Tracking Comparison#
Note
Work in progress, we are planning to add more explainations to each algorithm.
Prepare dataset#
First, we’ll prepare the dataset. To perform tuning we also need the ground truth tracking data.
import sportslabkit as slk
from sportslabkit.logger import set_log_level
dataset_path = slk.datasets.get_path("top_view")
path_to_csv = sorted(dataset_path.glob("annotations/*.csv"))[0]
path_to_mp4 = sorted(dataset_path.glob("videos/*.mp4"))[0]
root = slk.utils.get_git_root()
cam = slk.Camera(path_to_mp4)
# For the sake of speed, we'll only use the first 10 frames
n_frames = 10
frames = cam[:n_frames]
bbdf_gt = slk.load_df(path_to_csv)
# TODO: Hopefully we can get rid of this
if bbdf_gt.index[0] == 0:
bbdf_gt.index += 1
bbdf_gt = bbdf_gt[:n_frames]
SORT Tracker#
Next, we’ll set up the tracker to be used, focusing on SORT, a simple yet effective Tracker in SportsLabKit. SORT relies on both a detection model and a motion model, each with specific configurations.
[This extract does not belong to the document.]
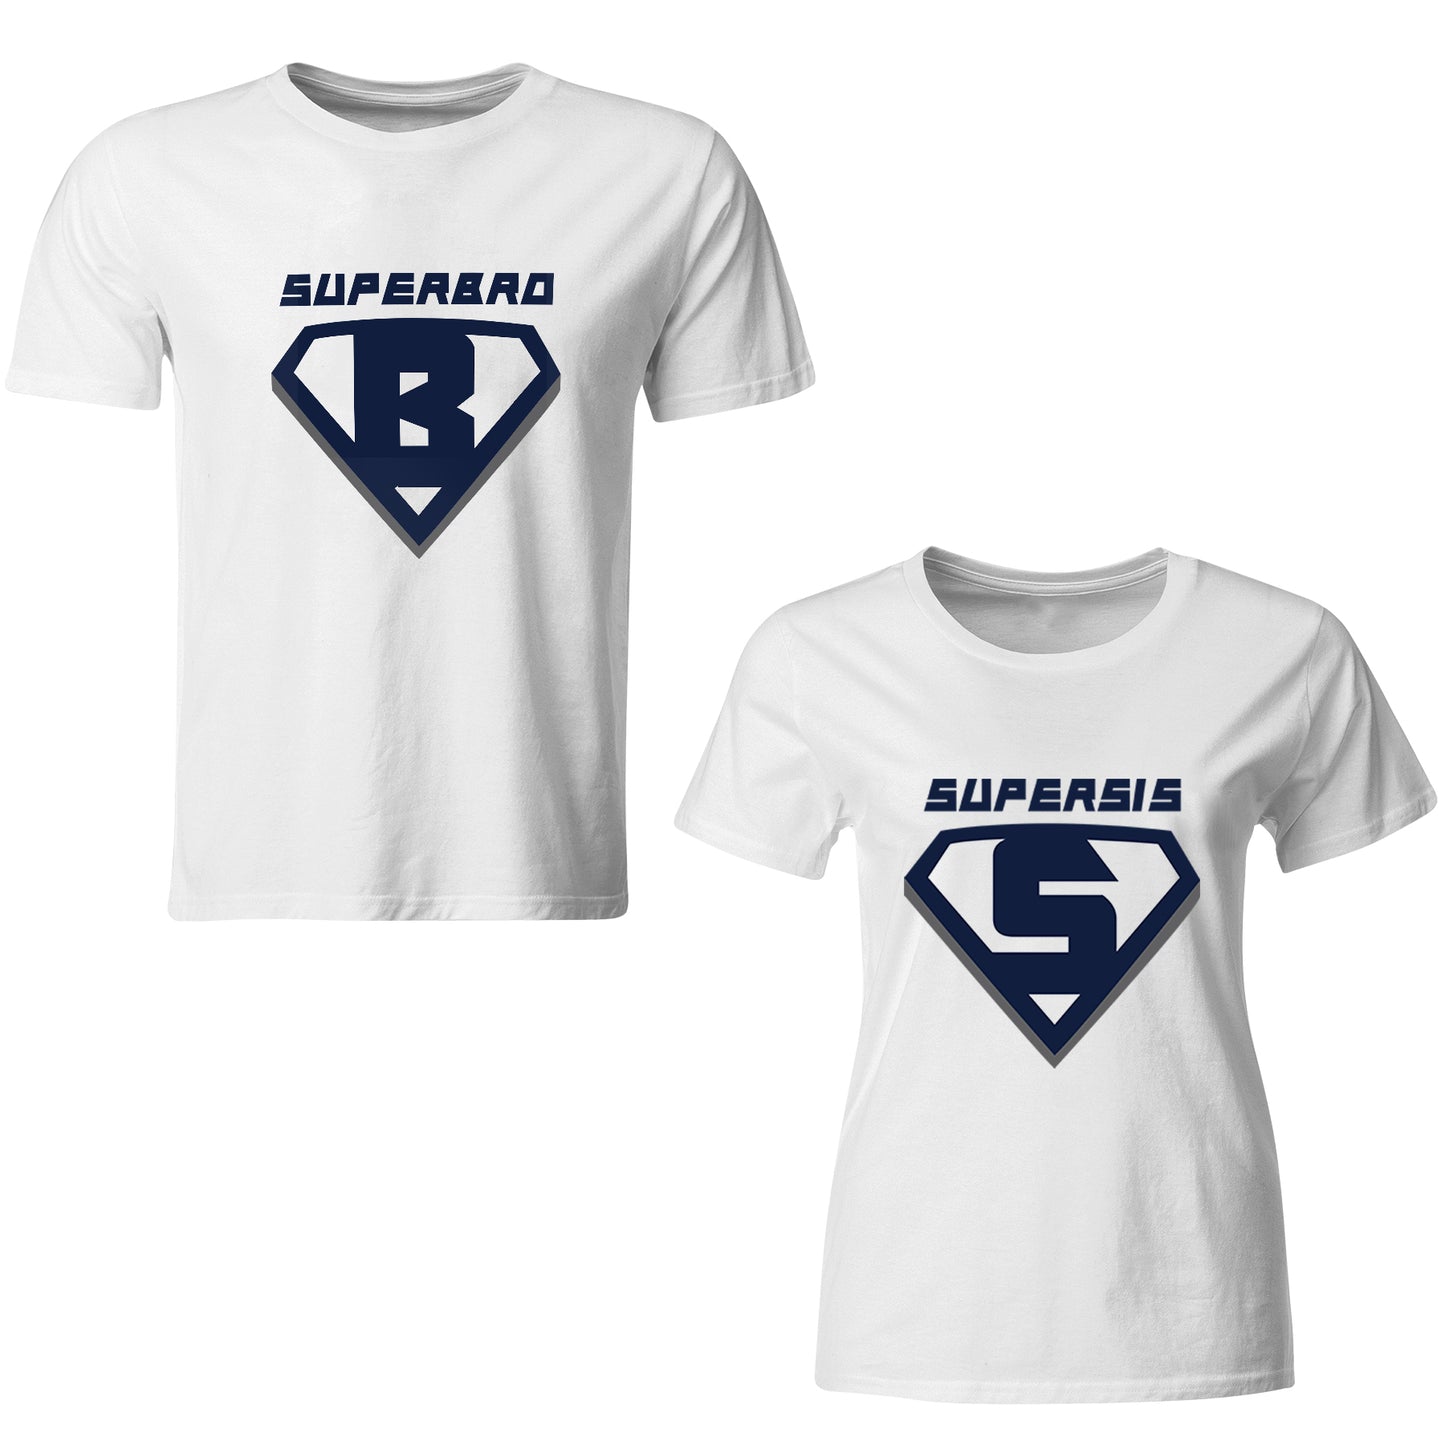 Superbro-Supersis matching Sibling t shirts - white

Here are the details:
Detection Model -
YOLOv8xconf- Confidence threshold for detecting objects (Default: 0.5)iou- Intersection-over-Union threshold for suppressing duplicate detections (Default: 0.3)imgsz- Image size to which the input is resized, affecting detection (Default: 2560x2560 pixels)
Motion Model -
KalmanFilterMotionModeldt- Time step between consecutive measurements, crucial for predicting object position (Default: 1/30)process_noise- Noise in the process model, representing uncertainty in motion prediction (Default: 1e-4)measurement_noise- Noise in the measurements, representing sensor noise (Default: 1e-1)confidence_scaler- Factor to scale the confidence in prediction, adjusting the influence of measurements vs predictions (Default: 0.5)
Tracking Algorithm -
SORTTrackermetric- The cost metric to use for assignmentmetric_gate- The gate threshold for the cost metricmax_staleness- The number of frames to wait before removing a trackmin_length- The number of frames to wait before confirming a track
These configurations are essential in setting up the SORT Tracker, and the given defaults provide a good starting point. They can be tuned further as needed to align with the specific use case and environment.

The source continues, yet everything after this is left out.